## Information shown
_ _ _ _ _

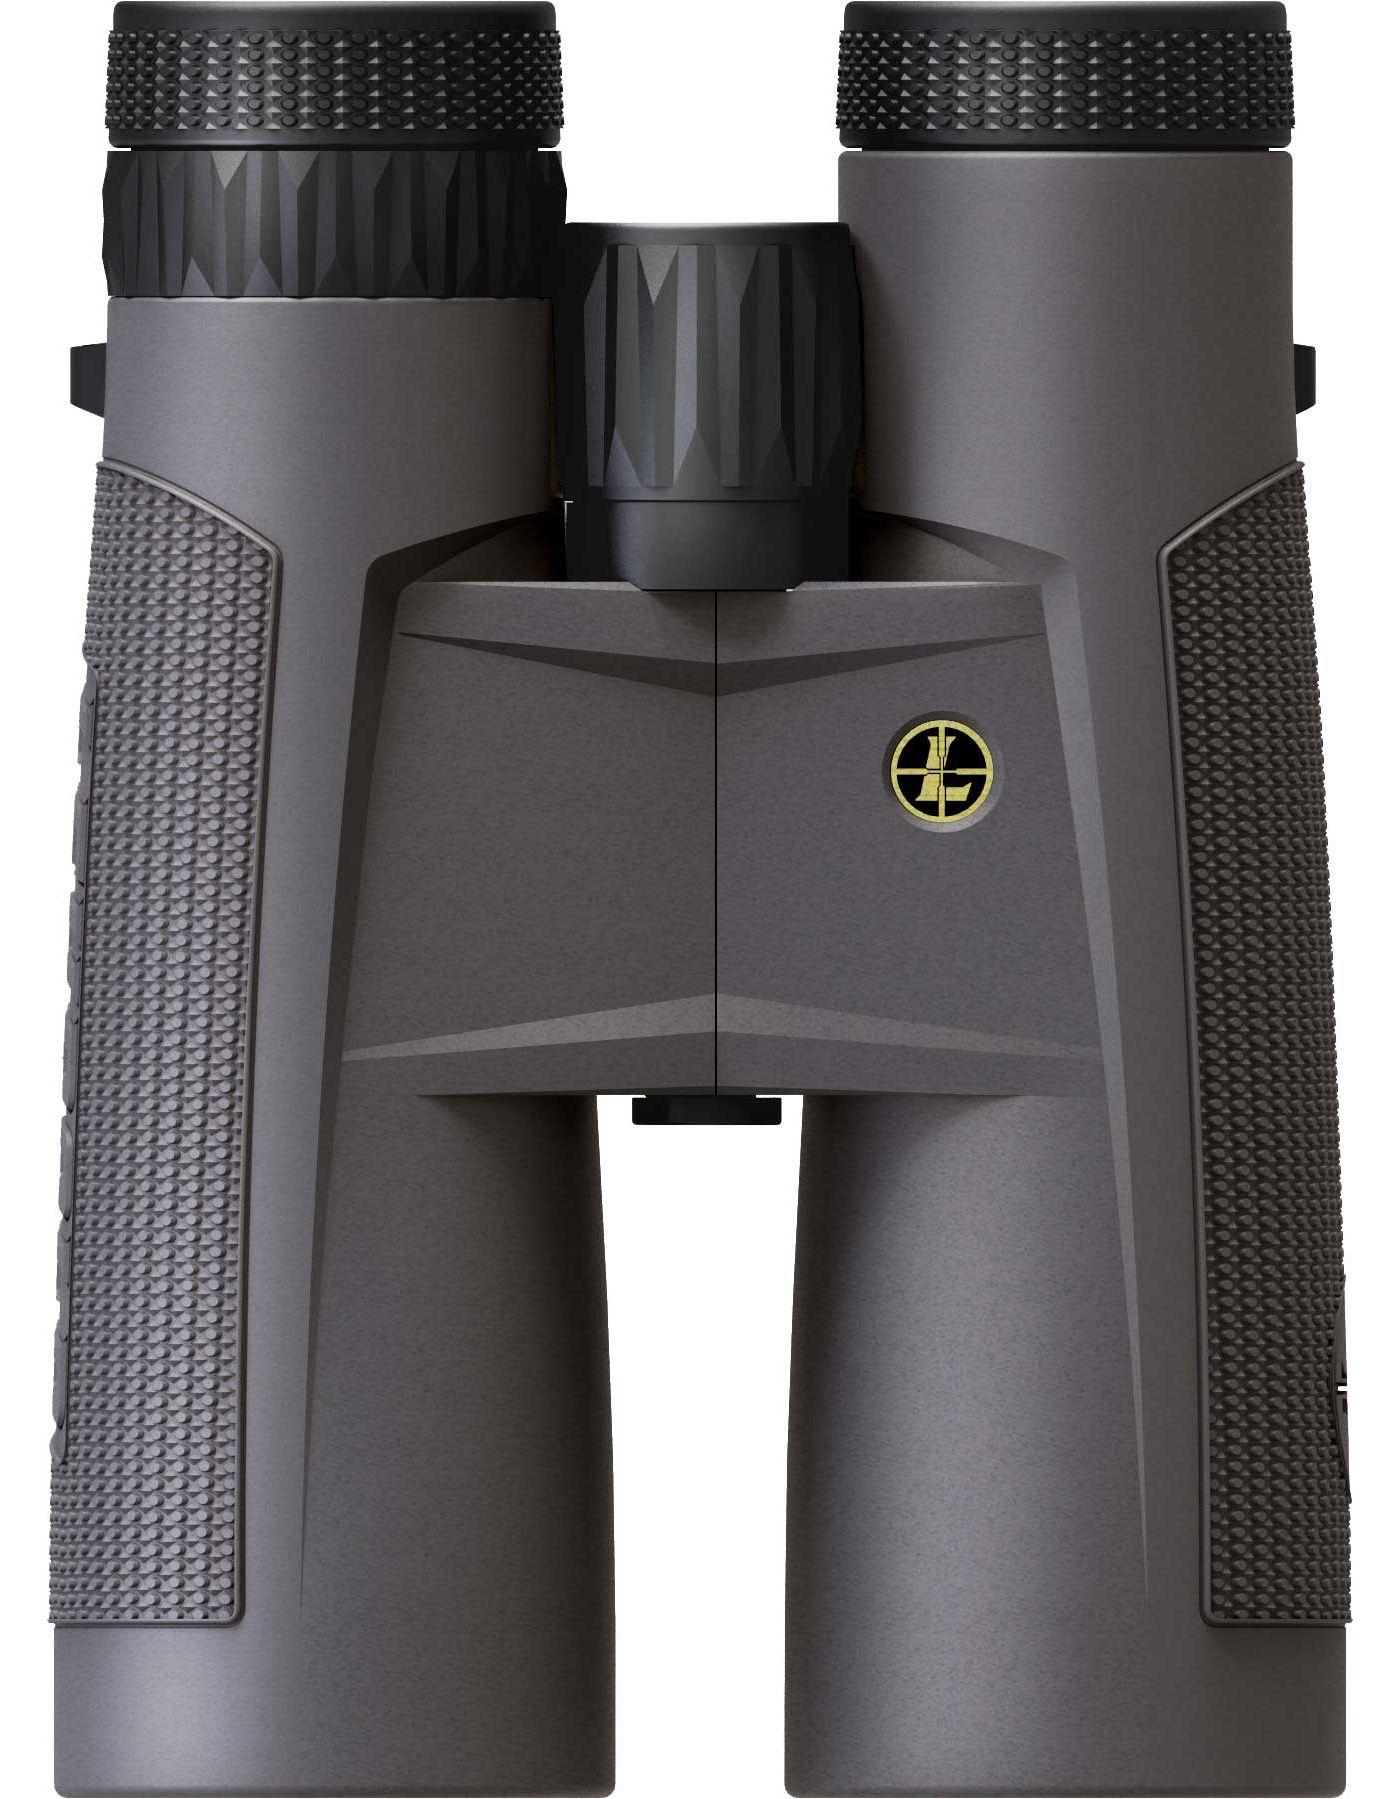 Leupold BX-2 Tioga HD 10x50mm Binoculars
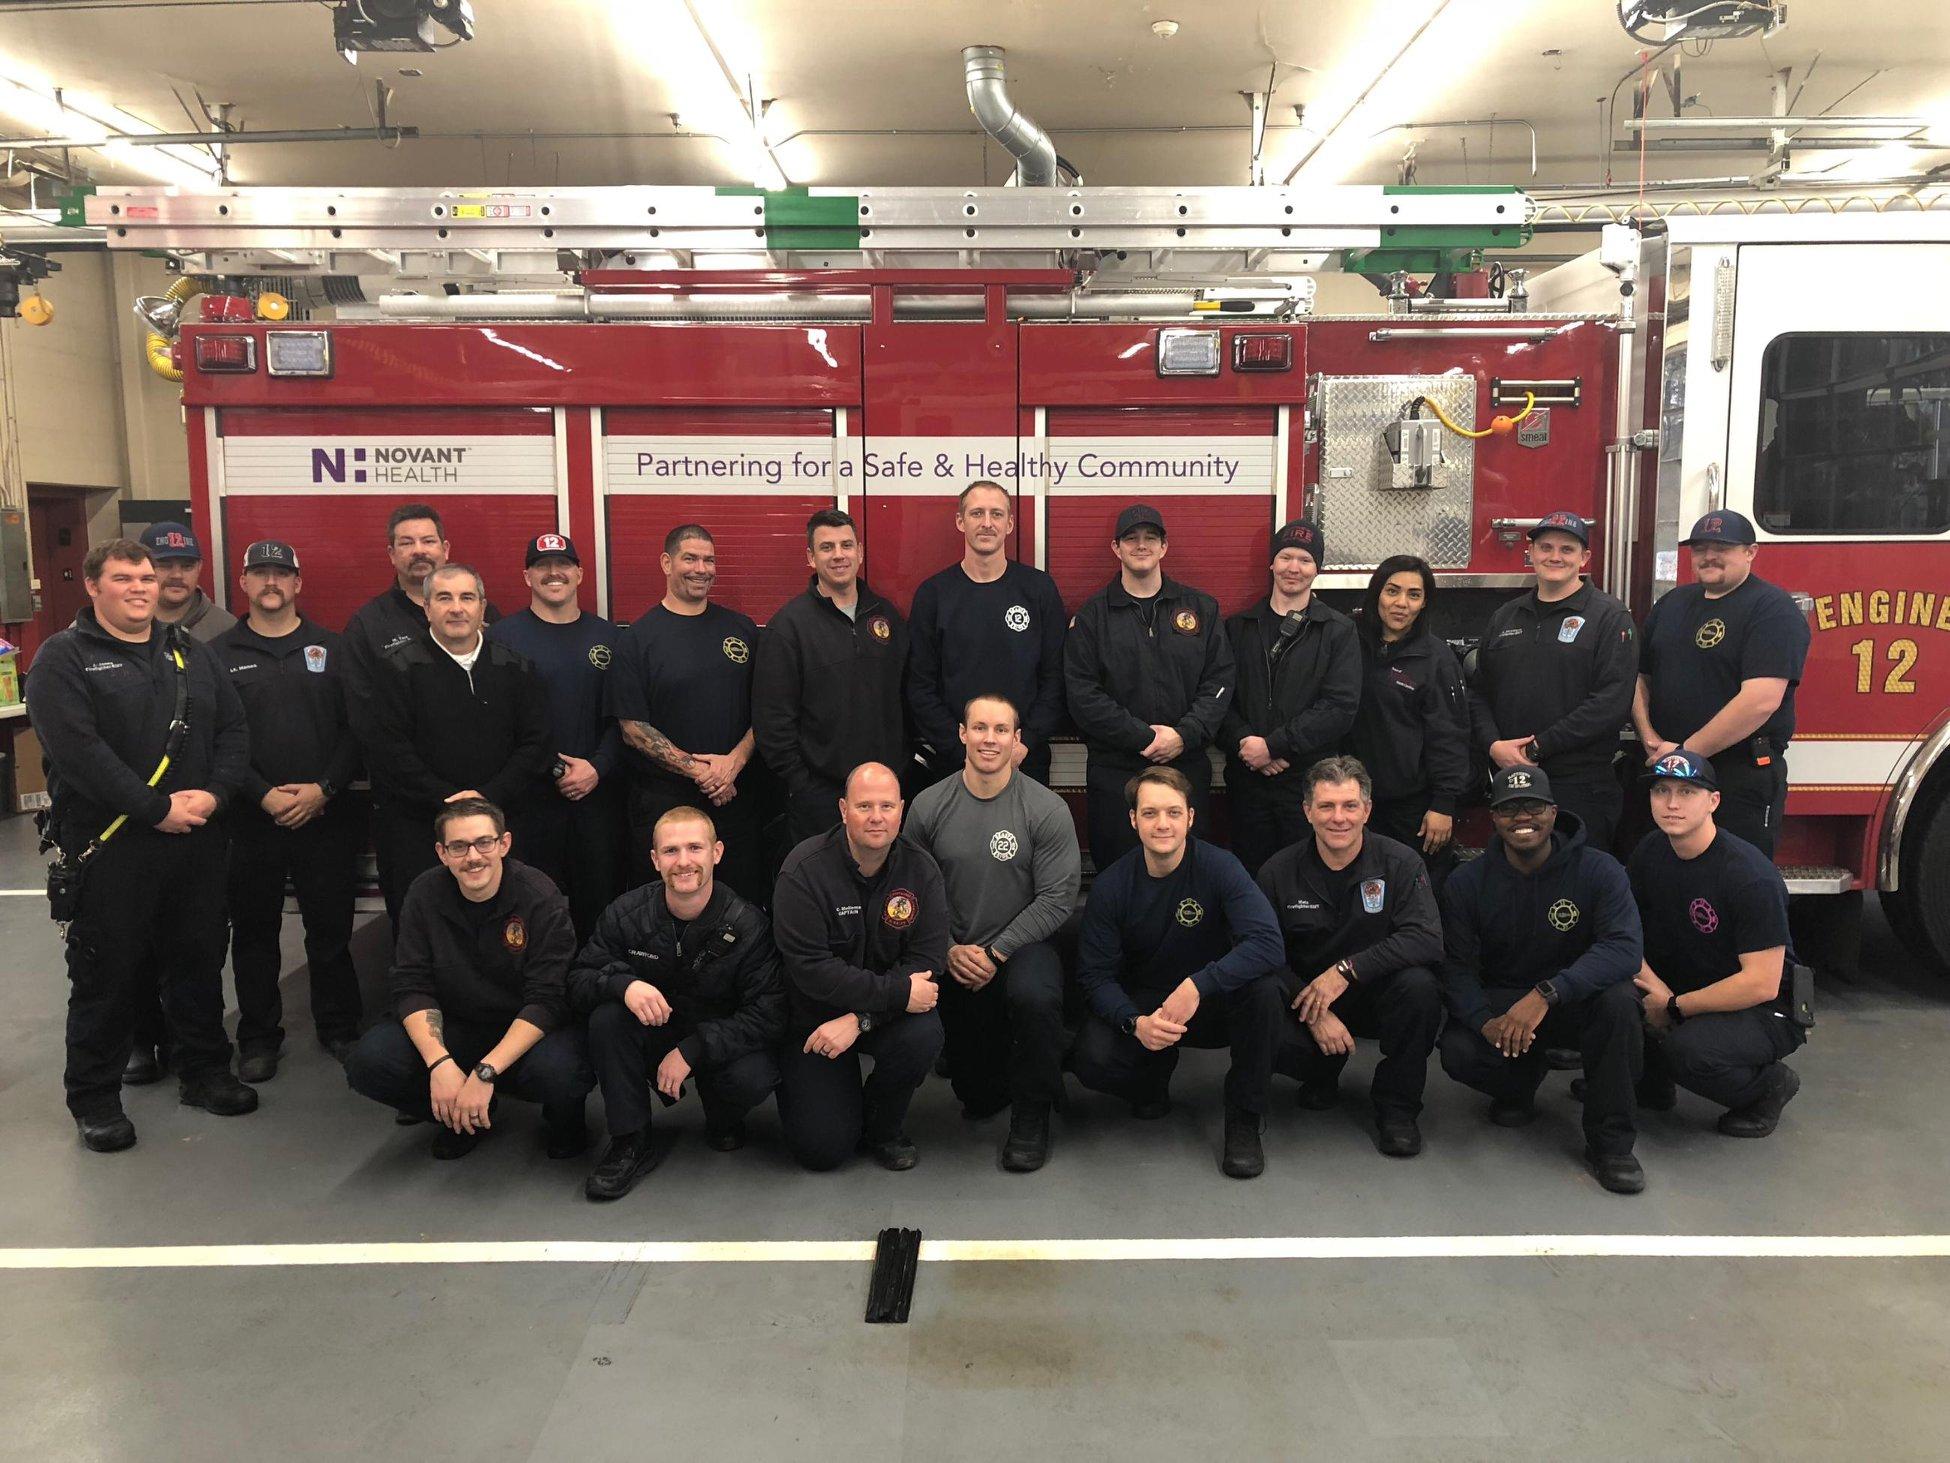 Photo courtesy the Matthews Fire & EMS Department
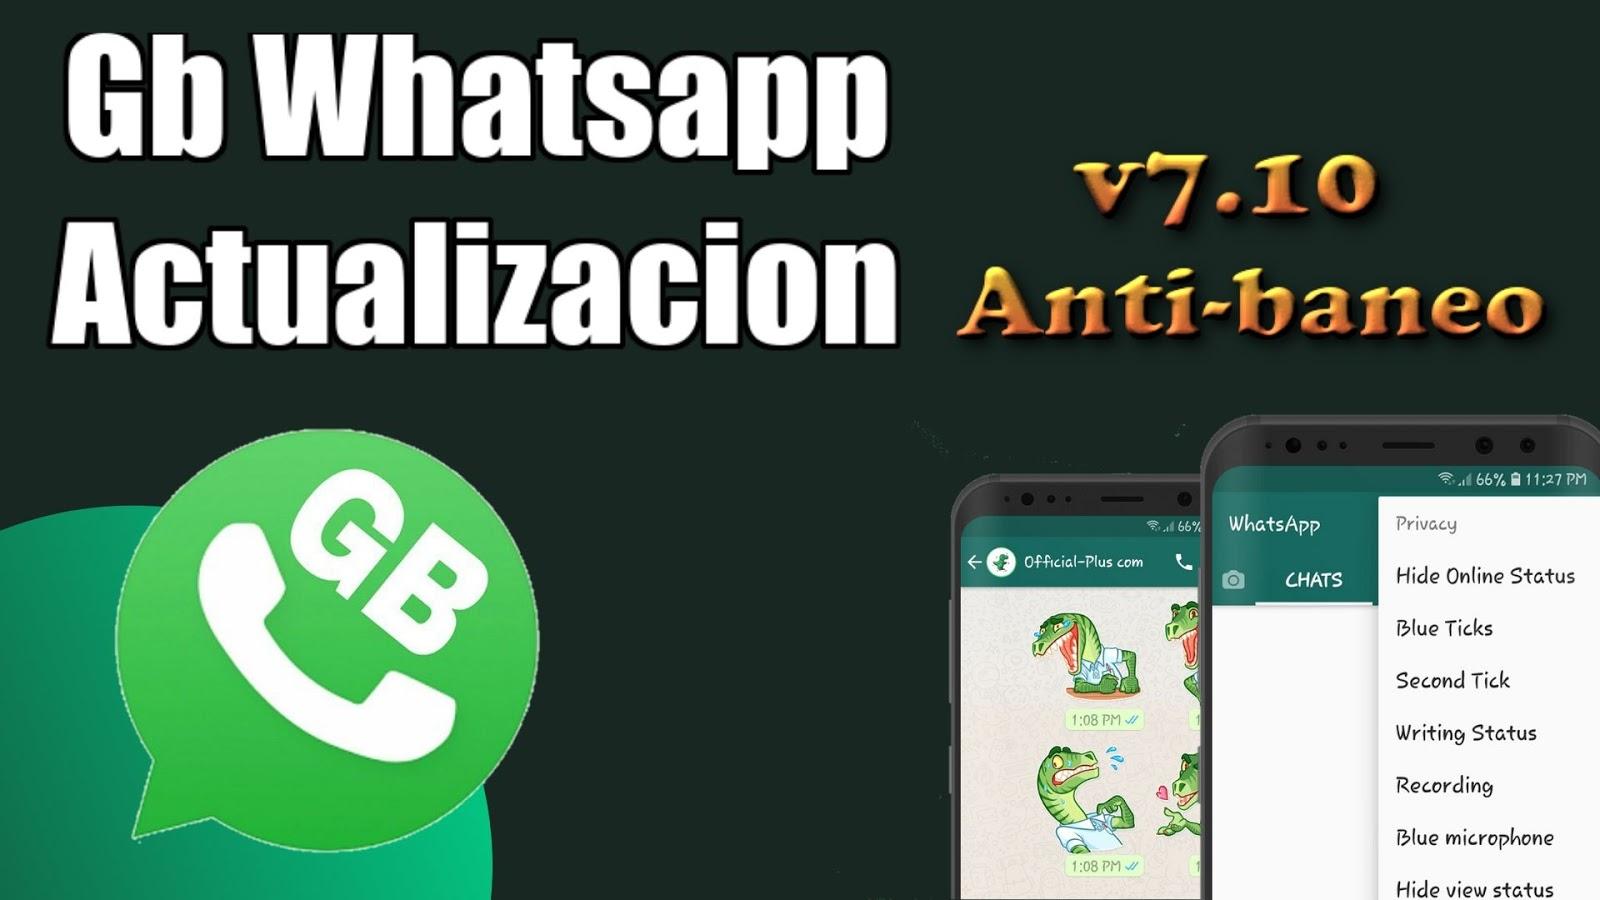 Ati Tecnology Gbwhatsapp V710 Anti Baneo 100
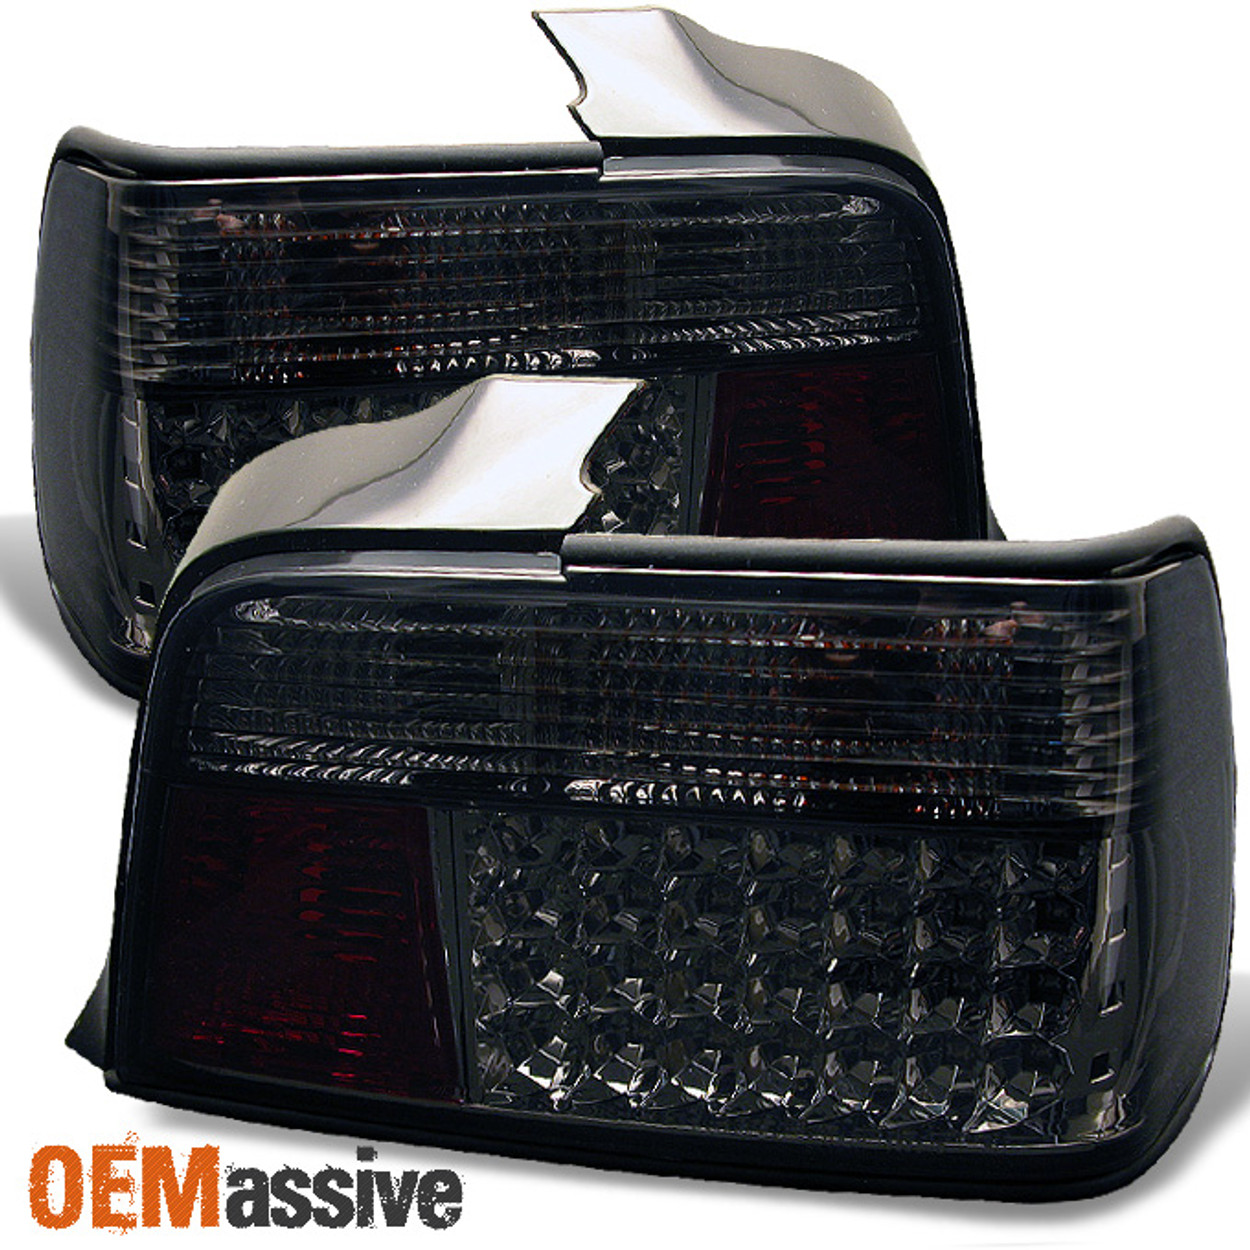 Fits Smoked 92 98 Bmw E36 3 Series 4dr Sedan Jdm Led Tail Lights Lamp Left Right Oemassive

_ _ _ _ _

## Assigned task
Each line of the data above needs to be retyped as it is, without any picture.

## Reply
 Leupold BX-2 Tioga HD 10x50mm Binoculars
 Photo courtesy the Matthews Fire & EMS Department
 Ati Tecnology Gbwhatsapp V710 Anti Baneo 100
 Fits Smoked 92 98 Bmw E36 3 Series 4dr Sedan Jdm Led Tail Lights Lamp Left Right Oemassive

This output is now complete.